*** RECORDS PROVIDED Section Begins ***

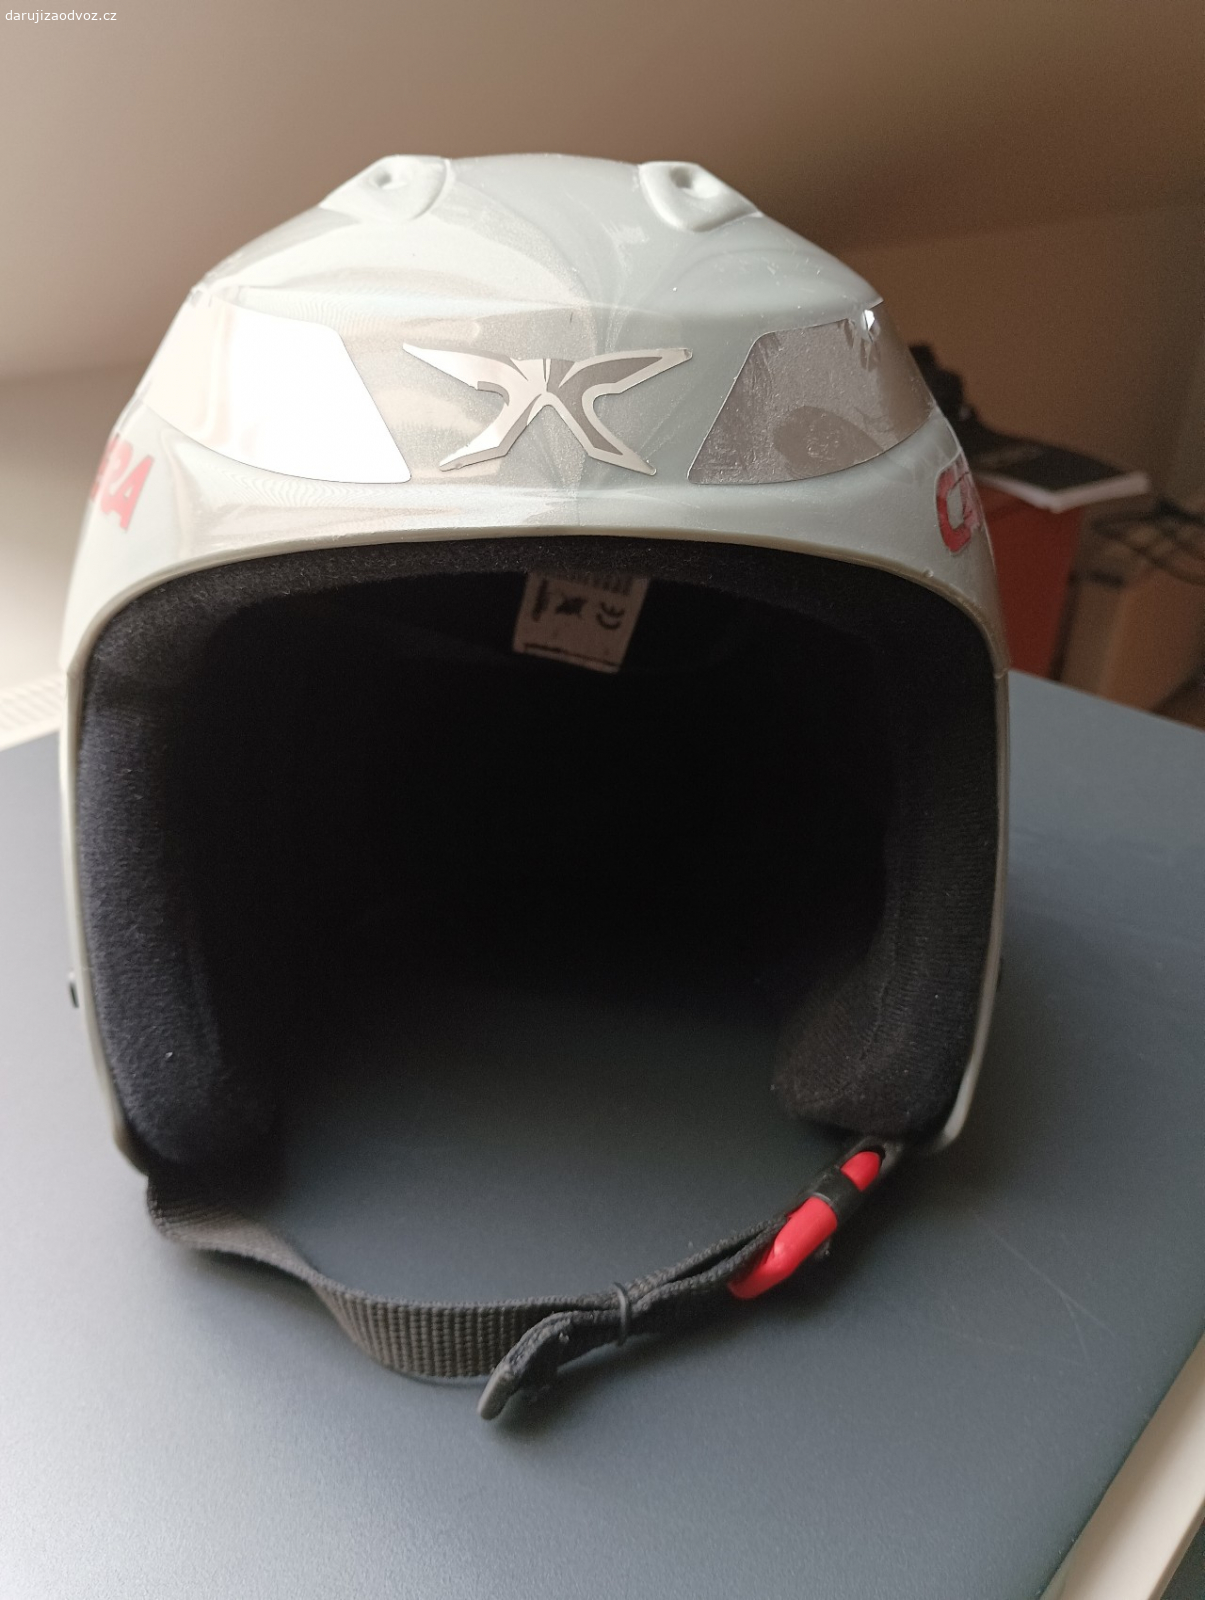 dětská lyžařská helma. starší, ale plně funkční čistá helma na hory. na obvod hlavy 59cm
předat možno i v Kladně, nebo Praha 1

*** RECORDS PROVIDED Section Ends ***
*** RECORDS PROVIDED Section Begins ***

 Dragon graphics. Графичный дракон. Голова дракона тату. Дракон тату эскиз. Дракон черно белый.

*** RECORDS PROVIDED Section Ends ***

▸ **ABOUT THIS EXERCISE**: What is needed is an exact copy of the lines above from the one with "dětská lyžařská helma." to the one with "předat možno i v Kladně, nebo Praha 1", both ends kept, and nothing more; please leave the pictures out.

▸ **RESULT OF THE EXERCISE**:
 dětská lyžařská helma. starší, ale plně funkční čistá helma na hory. na obvod hlavy 59cm
předat možno i v Kladně, nebo Praha 1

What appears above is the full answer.